Some of Cavalaris' most noteworthy clients were Allen Case, Peter D. Fuller, George R. Gardiner, Margaret Seitz, and Joan Reid. Among the most famous horses he trained were Cool Reception, Henry Tudor, Ice Water, and Victorian Era. He was also the trainer of Dancer's Image, who won the 1968 Kentucky Derby on the track but was disqualified two days later due to testing positive for traces of the pain-killer phenylbutazone, a substance later made legal by the Kentucky Racing Commission.
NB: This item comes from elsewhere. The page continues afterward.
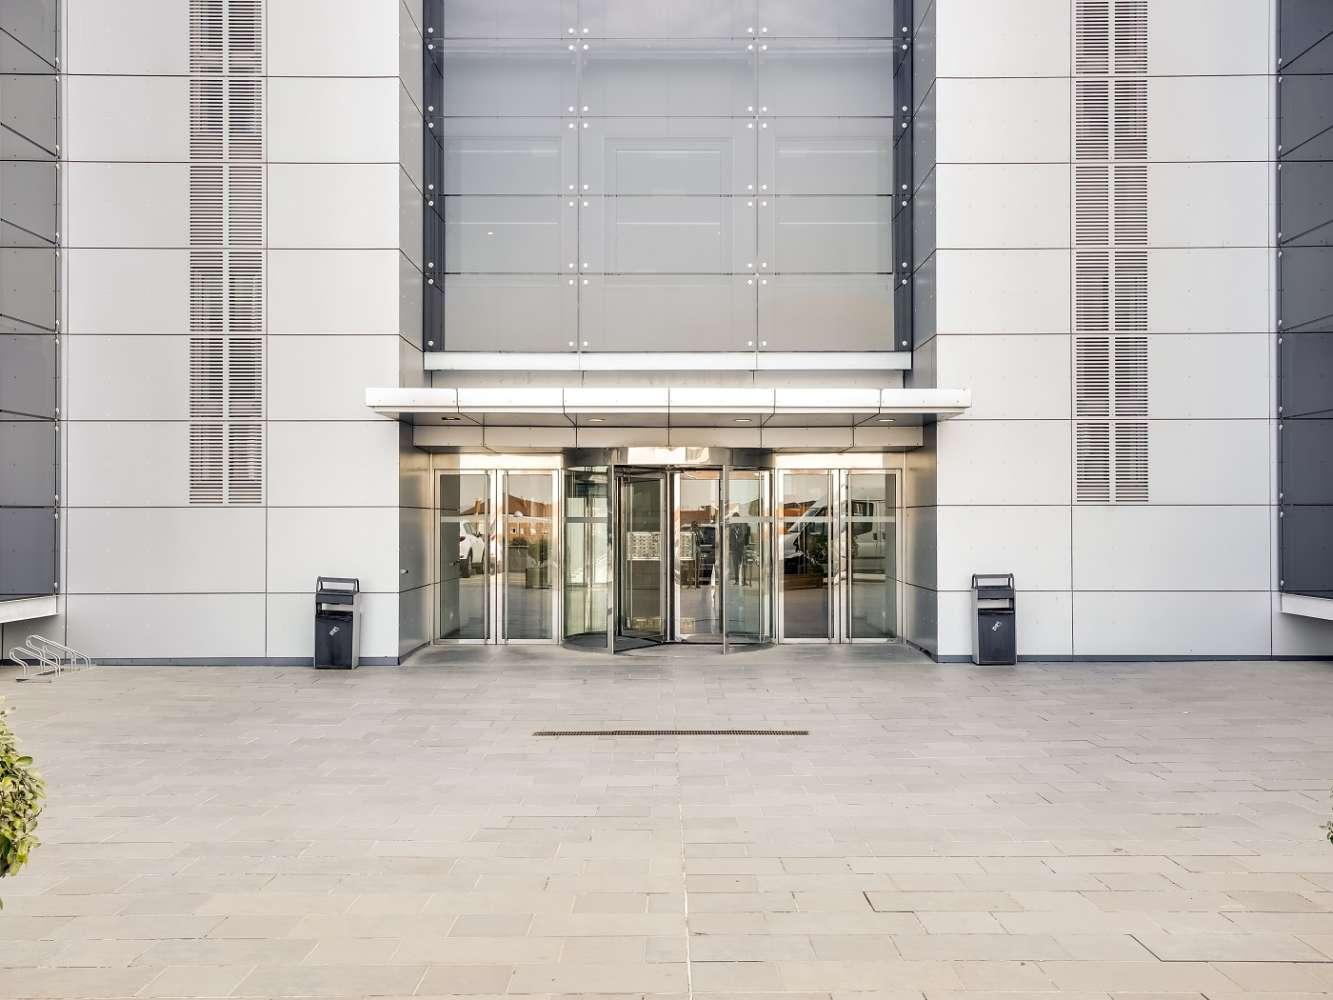 Oficina Las rozas de madrid, 28232 - Edificio 3. P.E. Alvia - 14371

In 1969, Cavalaris became Gardiner's exclusive trainer. In 1976, he directed Gardiner to record earnings of $639,816 (over $100,000 more than the previous record in Canada that Cavalaris also set). This was one of eight money-winning titles in the space of 11 years. Other famous winners he trained were Arctic Blizzard, Carney's Point, Chatty Cavalier, Double Quill, Haymaker's Jig, James Bay, Mary of Scotland, Monte Christo II, Orbiter, Plegada, Prompt Hero, The Knack II, Two Violins, Vindent de Paul, and Yukon Eric. His last winner, in June 1996, was Major Pots, owned by Gardiner.
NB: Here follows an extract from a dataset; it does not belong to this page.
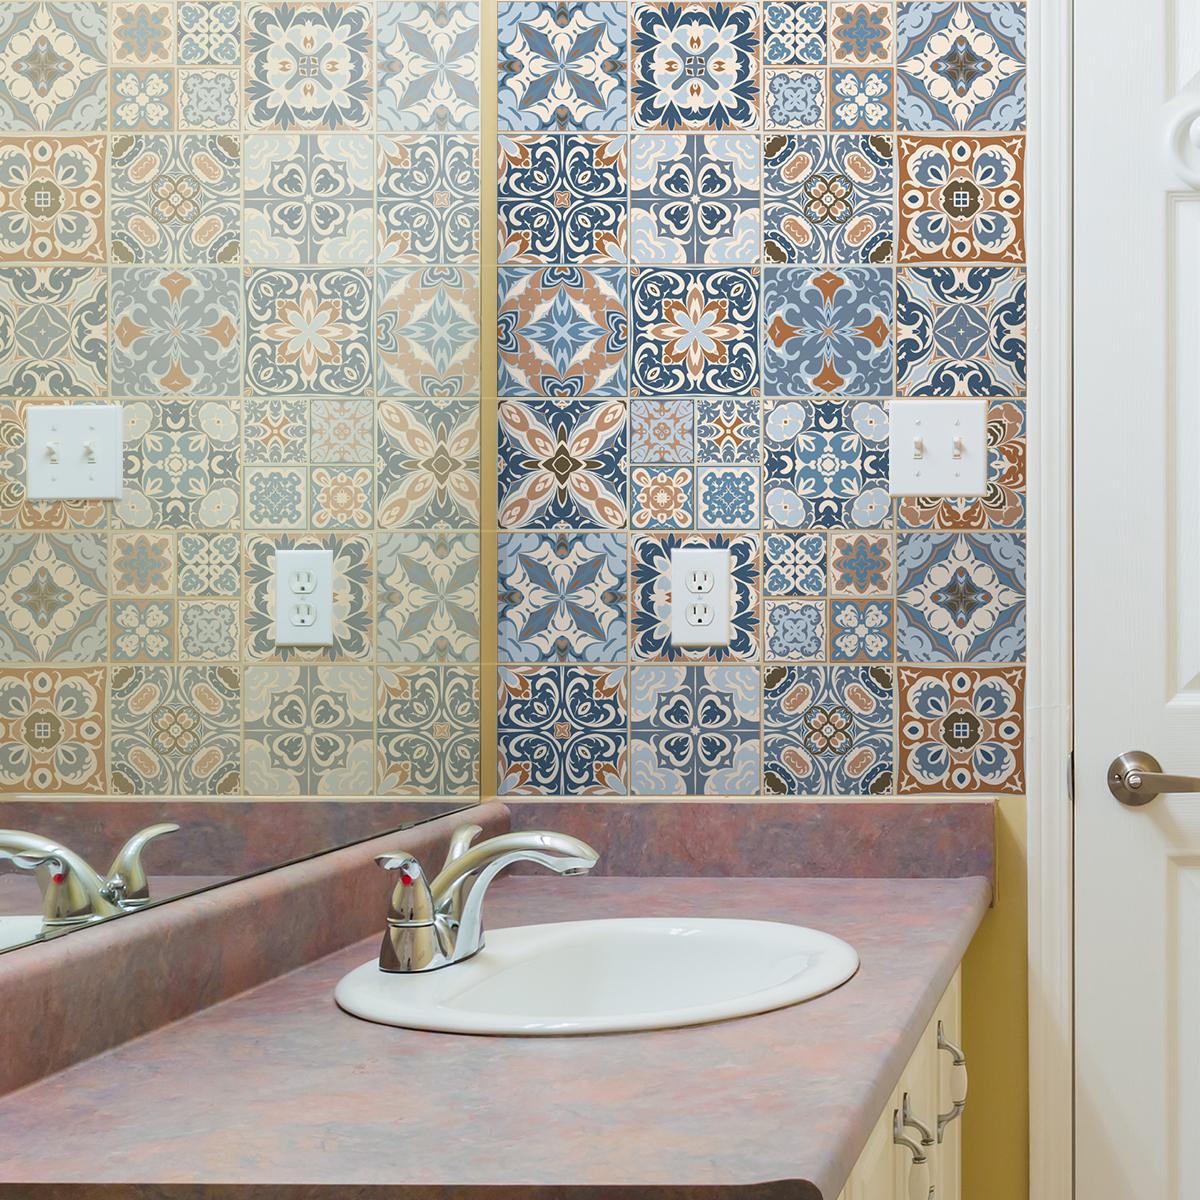 24 stickers carreaux de ciment azulejos albano cuisine - Carreaux de ciment stickers ...

==Other related activities==
Cavalaris had a place on the Breeders' Cup Selection Committee, the Ontario Racing Commission's Board of Appeals, and the Avelino Gomez Memorial Award committee.

==Retirement==
Cavalaris turned in his trainer's license in 1978. At that point he became the Ontario Jockey Club's racing secretary for a decade. Following that he went back to training. And in 1996 he retired once more.

==Awards and recognition==
In 1976, Cavalaris won the Sovereign Award as outstanding trainer. In 2006, he was inducted into the Etobicoke Sports Hall of Fame and in 1995 the Canadian Horse Racing Hall of Fame. In 1996, he was hailed as North America's leading trainer.